Close, who won a Tony Award in 1995 for her first appearance as faded Hollywood star Norma Desmond, left the stage to a standing ovation as the musical revival hit the West End.

The actress, who played the part in Los Angeles and New York two decades ago, said she had kept some of the original props and costumes, which she is wearing again for this run at the Coliseum.

She said: “She is one of the great parts ever written for a woman, it is infinite in the possibility of exploration and I feel totally new in this role, I feel like I’ve never done it before except I’m wearing these old clothes.”

Christopher Hampton, Don Black, Lord Andrew Lloyd Webber, Glenn Close, Siobhan Dillon and Michael Xavier 
Dave Benett

The musical, based on Billy Wilder’s 1950 film, is a dark tale of delusion and paranoia in Hollywood, in which Close’s character dreams of a triumphant return to the big screen.

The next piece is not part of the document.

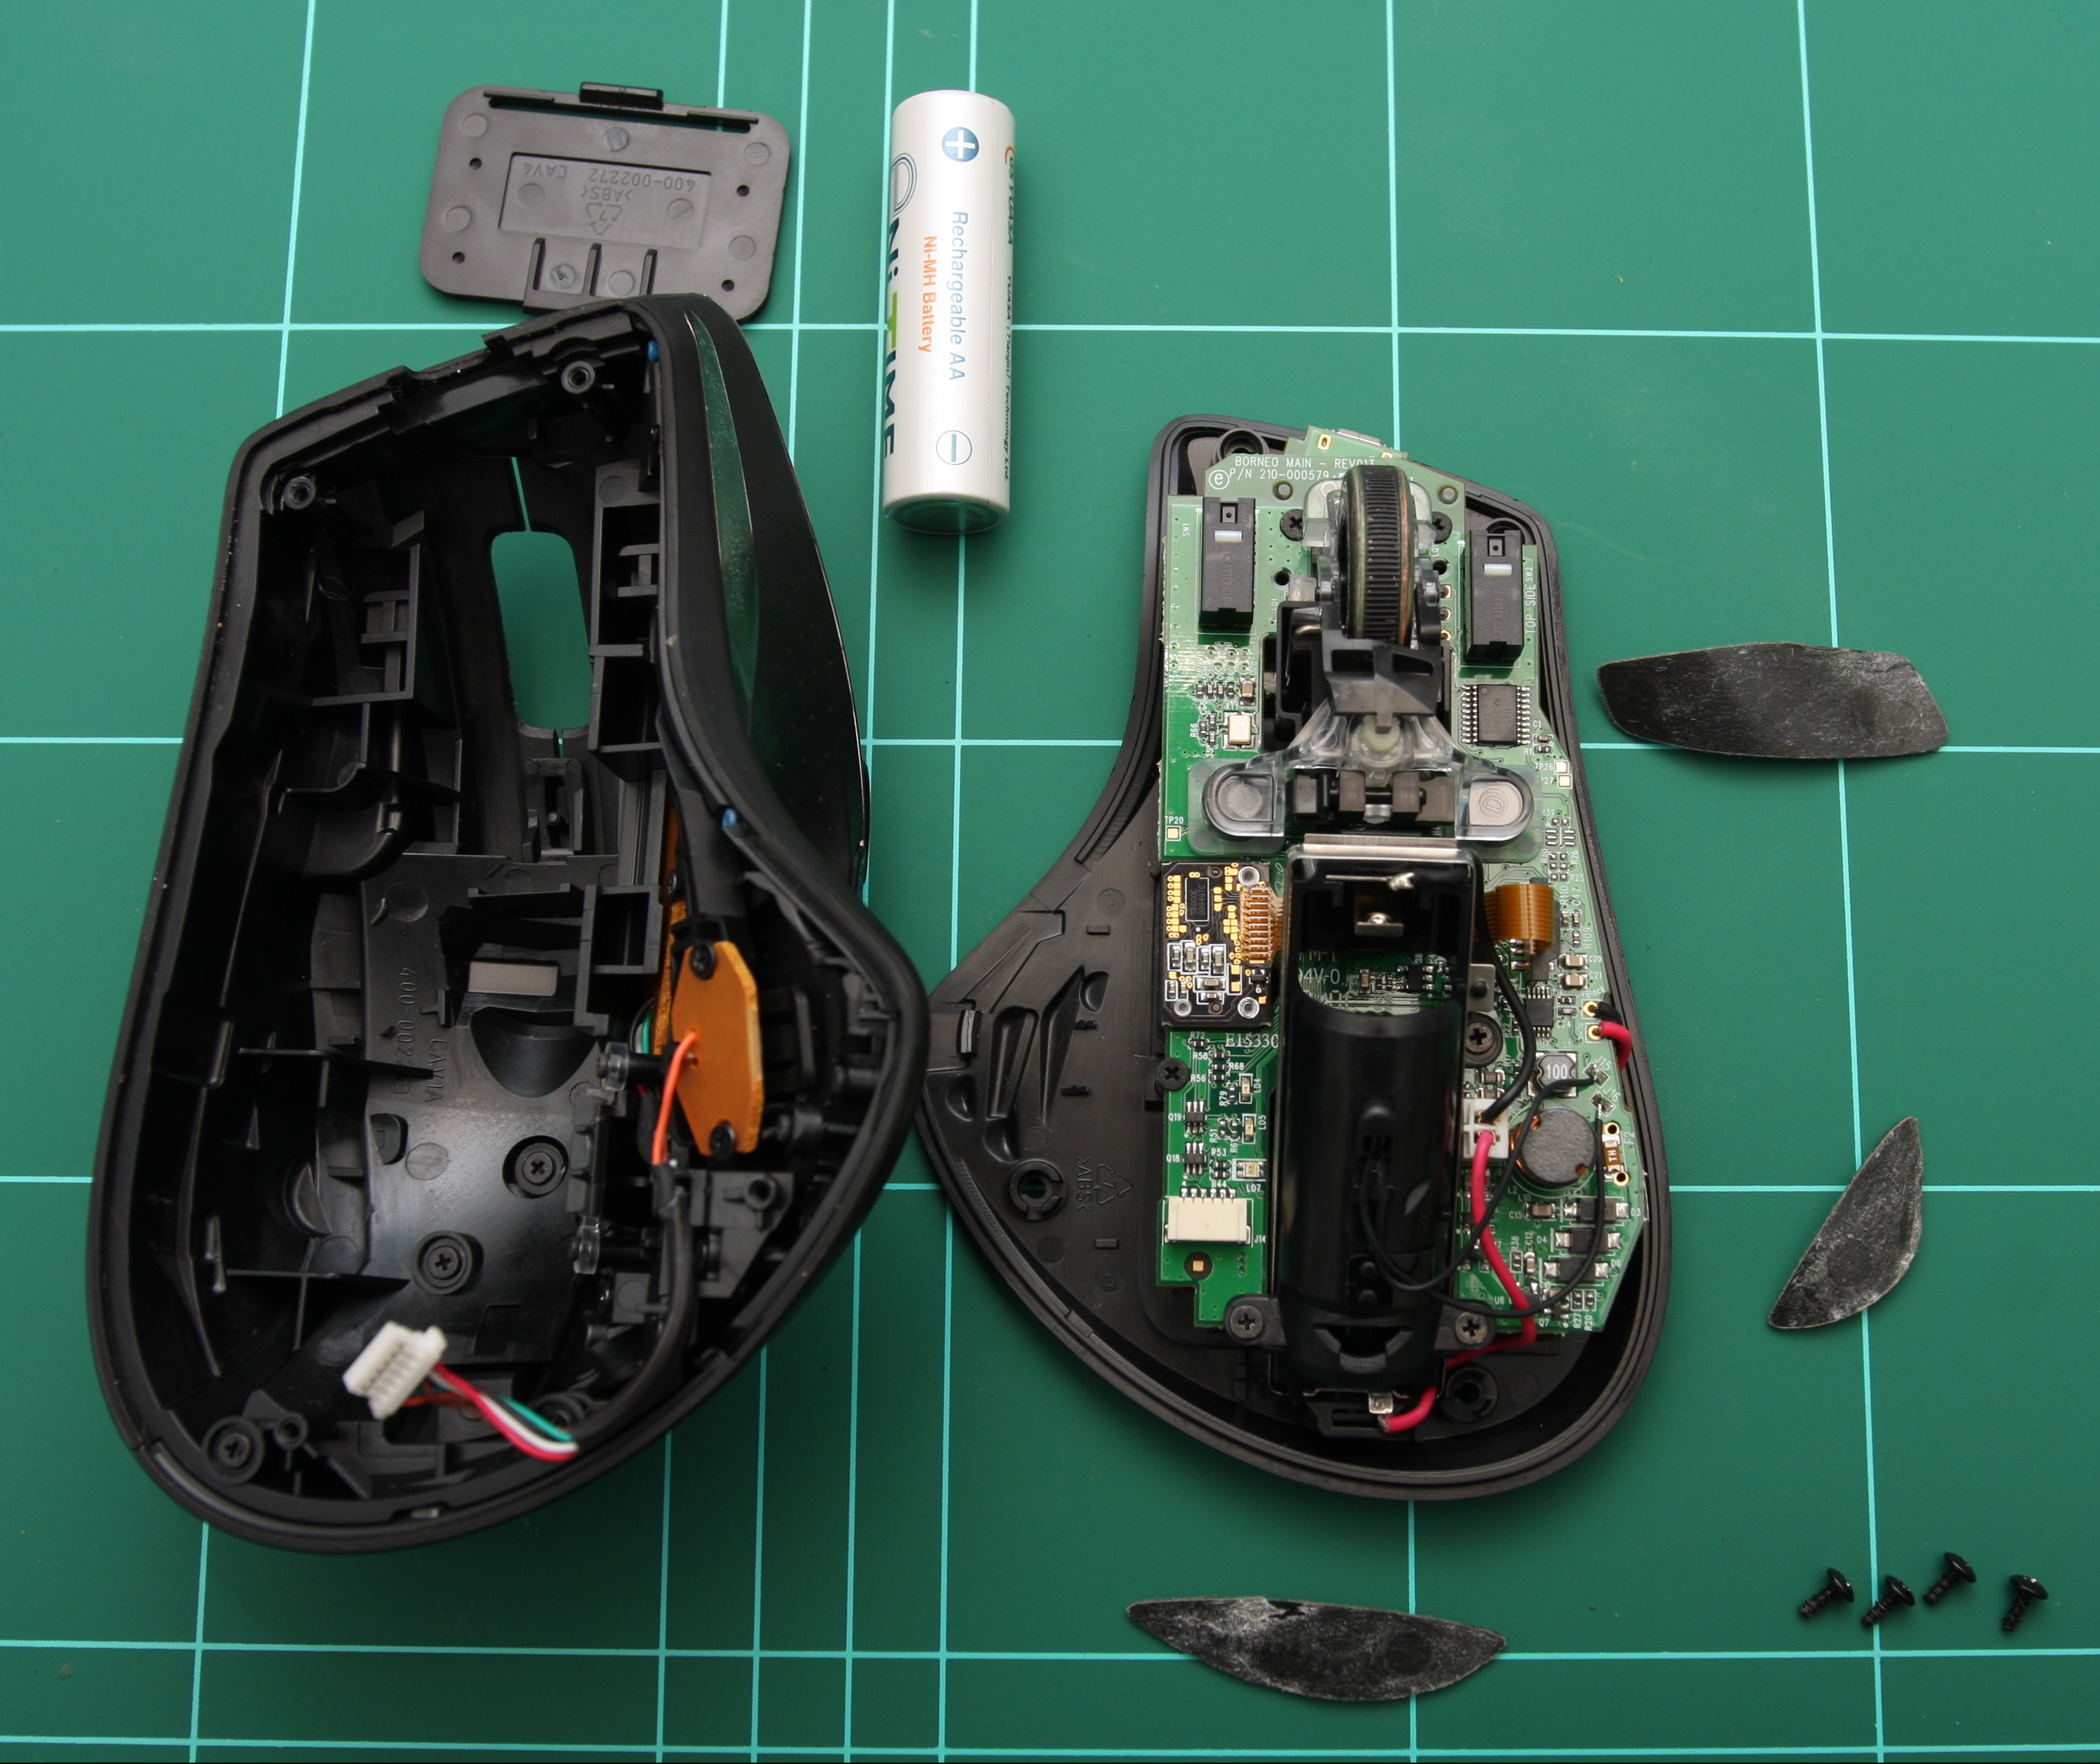 Logitech Performance MX Teardown and Repair – SteelCity Electronics

Close said she had been “very nervous” ahead of her performance and praised the “phenomenal” reaction from the audience, who gave her an ovation before she sang a note.

She said: “I’ve had a wonderful coach and beautiful music and I’ve had 20 years to learn how to sing it.

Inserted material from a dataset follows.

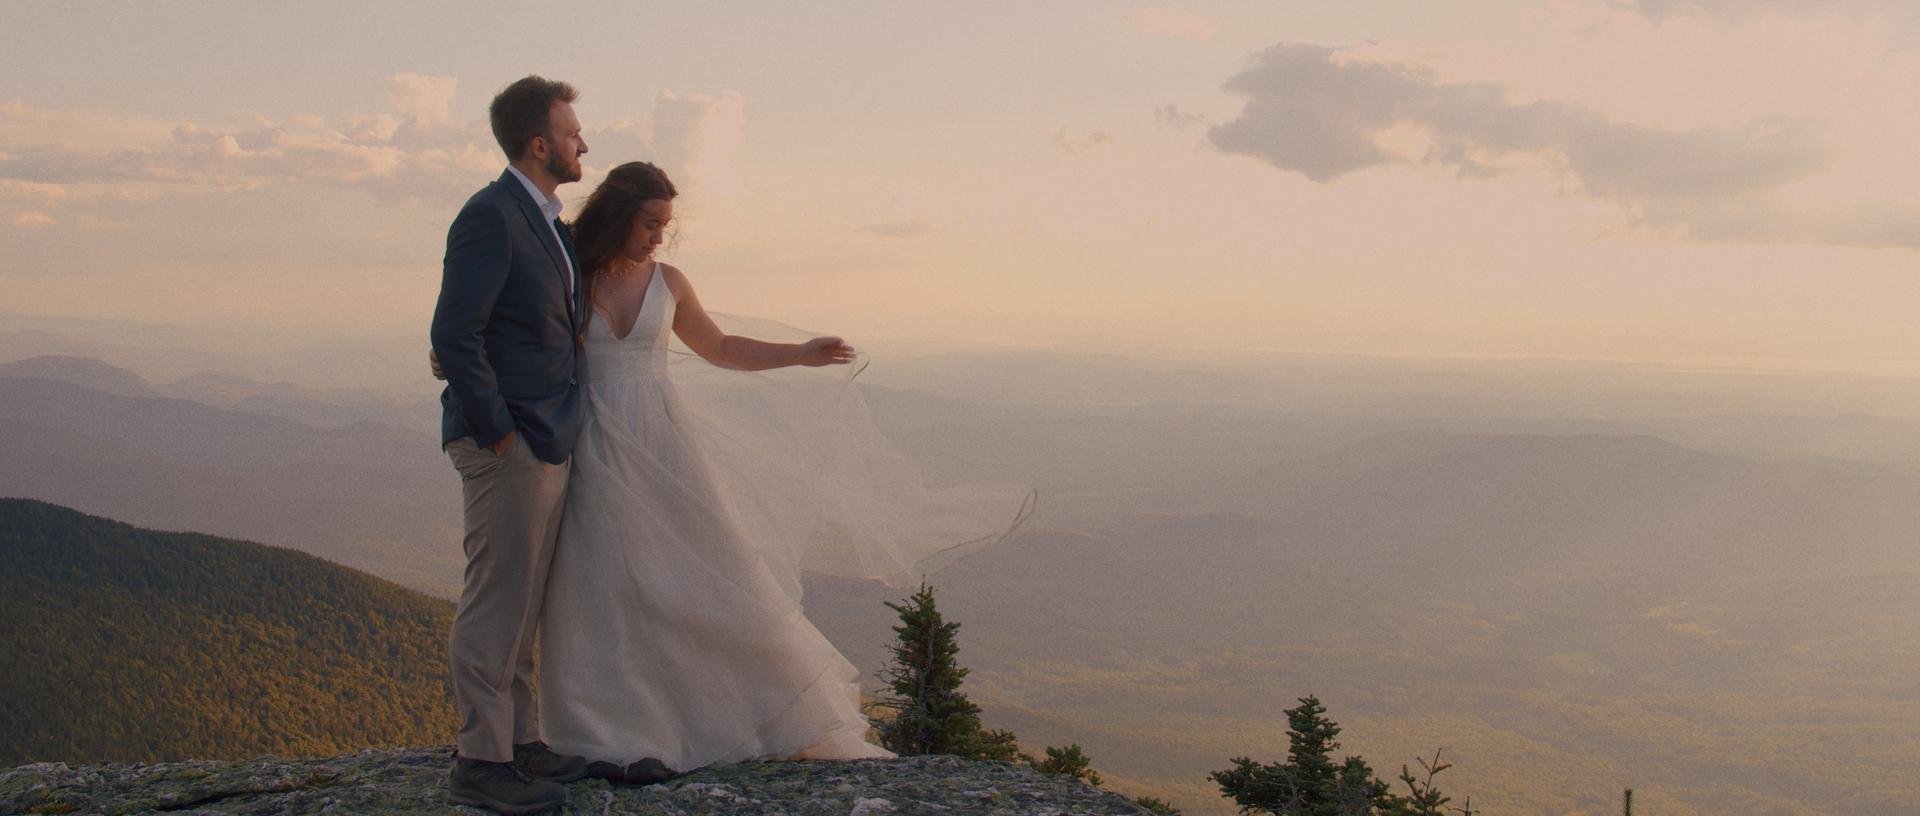 Lauren + Nick | Stowe, Vermont | Edson Hill

Take a bow: Glenn Close after the show
Dave Benett

“All of us are kind of gobsmacked, I’ve never had this kind of response and it’s not just me, I think it is the sum of the pure story and the music.

"It is such a powerful story to begin with and then to have such incredible music that puts the emotion on a higher level, I honestly think there is nothing like it.”

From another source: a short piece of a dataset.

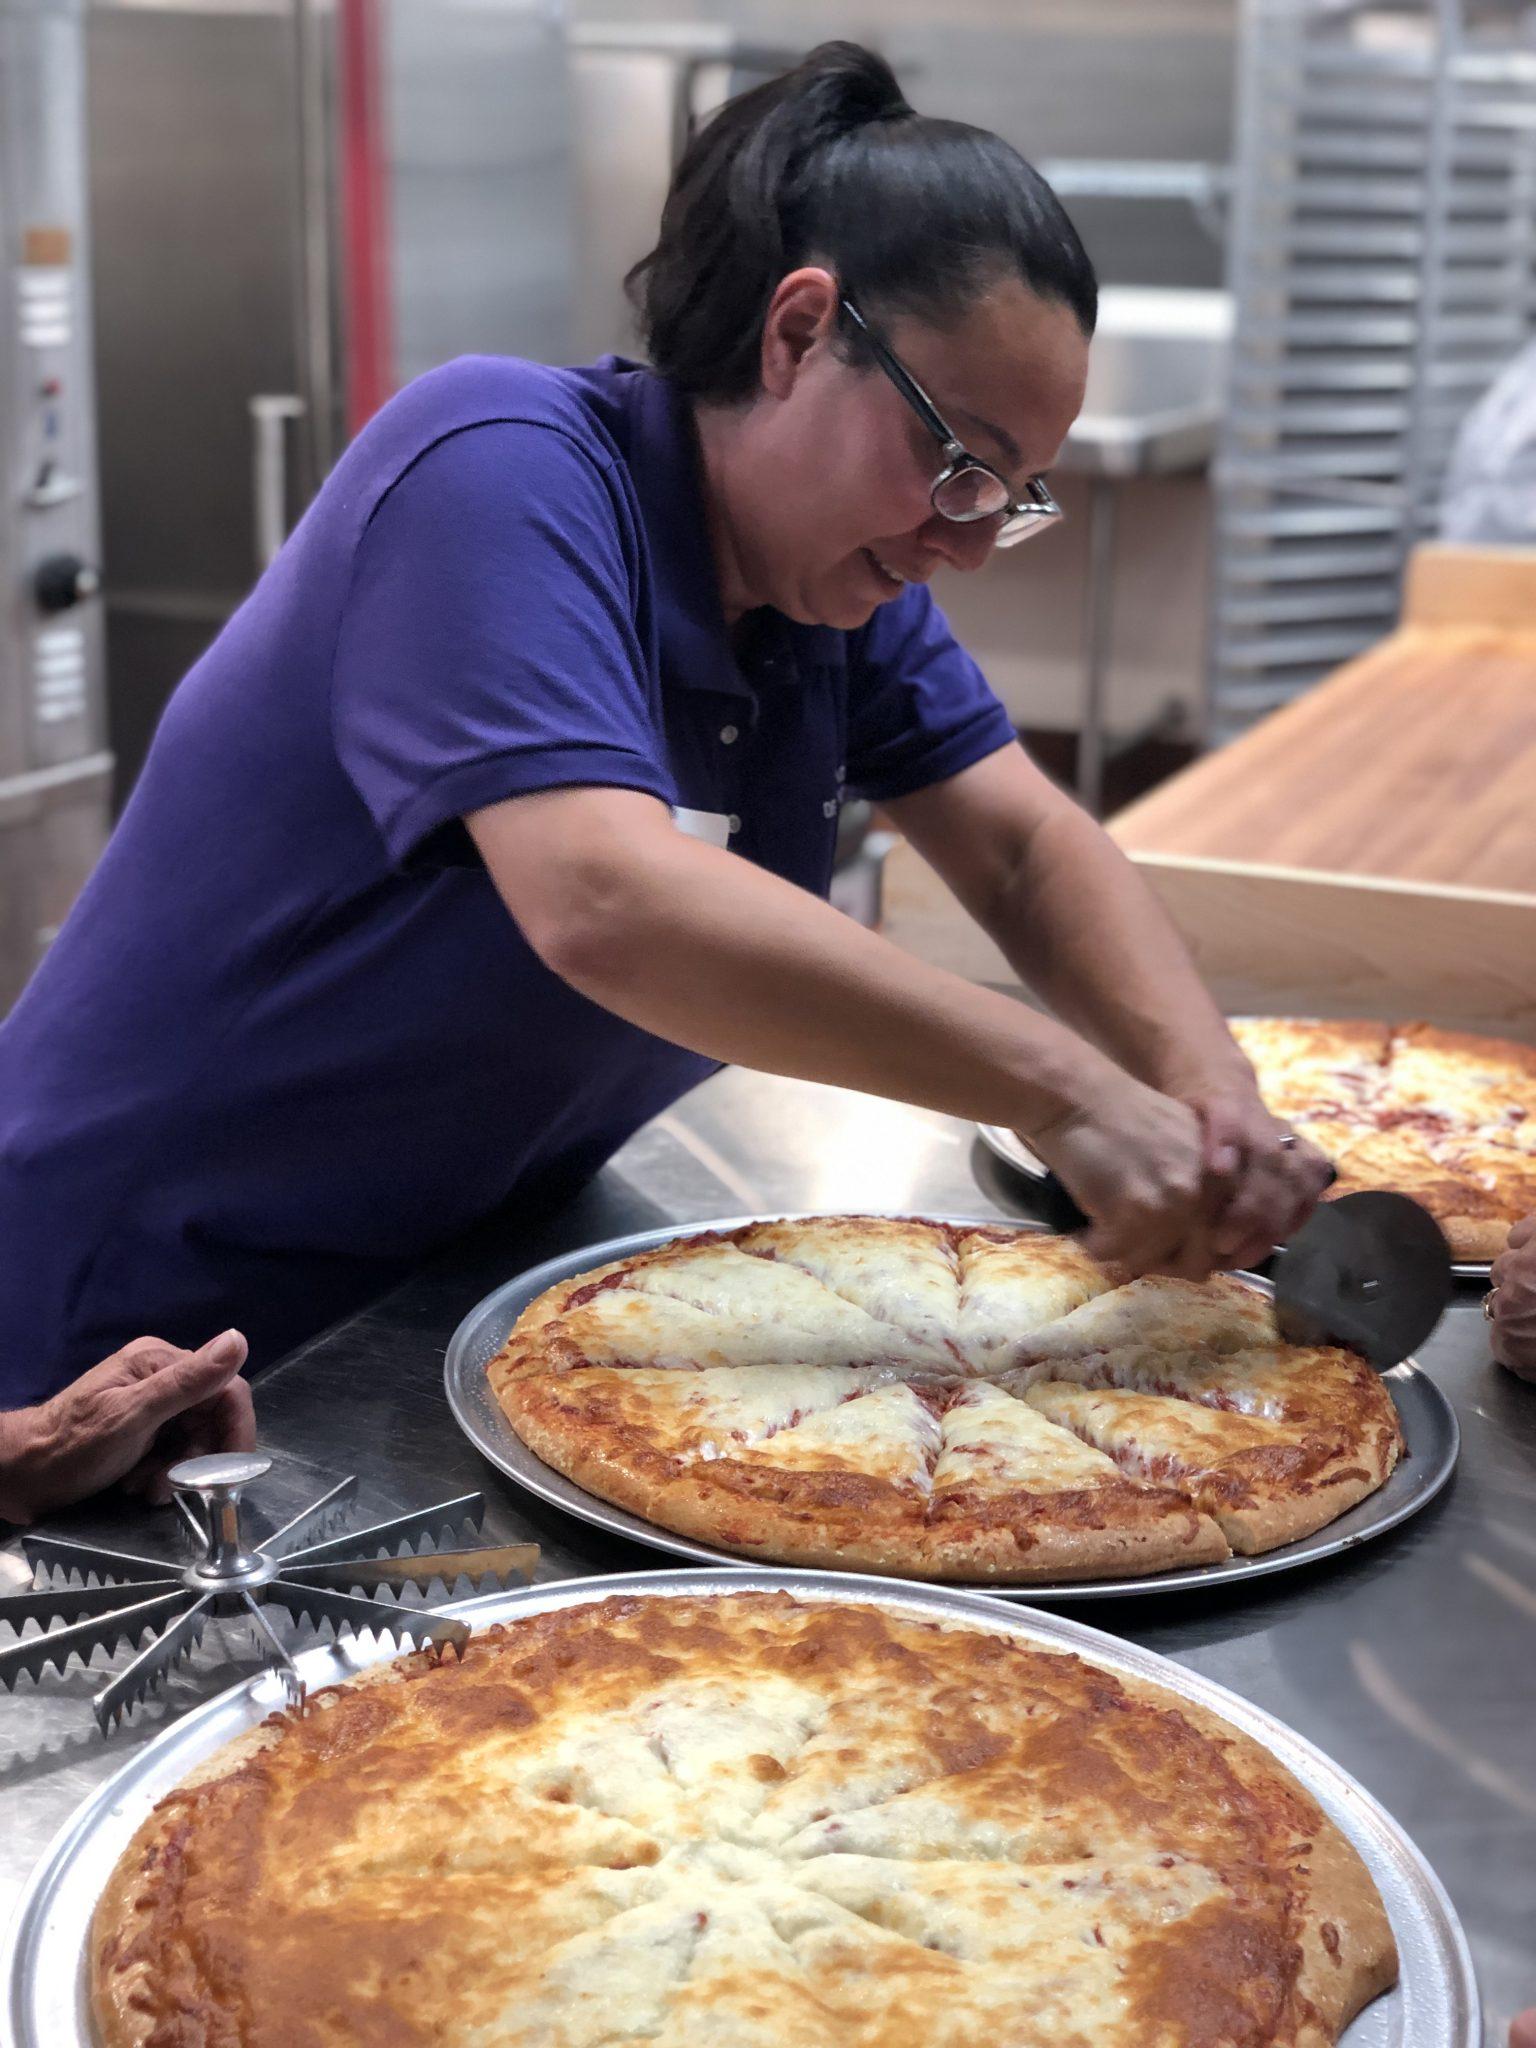 A woman cuts a pizza in a school kitchen.

The actress, whose TV and film career includes Fatal Attraction, Damages and 101 Dalmatians, was joined on stage by the show’s writers Andrew Lloyd Webber, Don Black and Christopher Hampton.

Lloyd Webber said “no composer could ask for a better Norma Desmond”.

“It was the best performance I’ve ever heard and it’s just a joy to hear the orchestra,” he added. “The intensity was amazing.”

Close, who has 42 performances to go in the run, said it had been “a fabulous, wonderful adventure”, and Lloyd Webber said he was glad the show had stood up to a revival.

“I think it’s always exciting when a piece comes back,” he said. “I was very pleased that tonight there was nothing I would have changed. I wouldn’t change this at all and certainly wouldn’t change the performance.”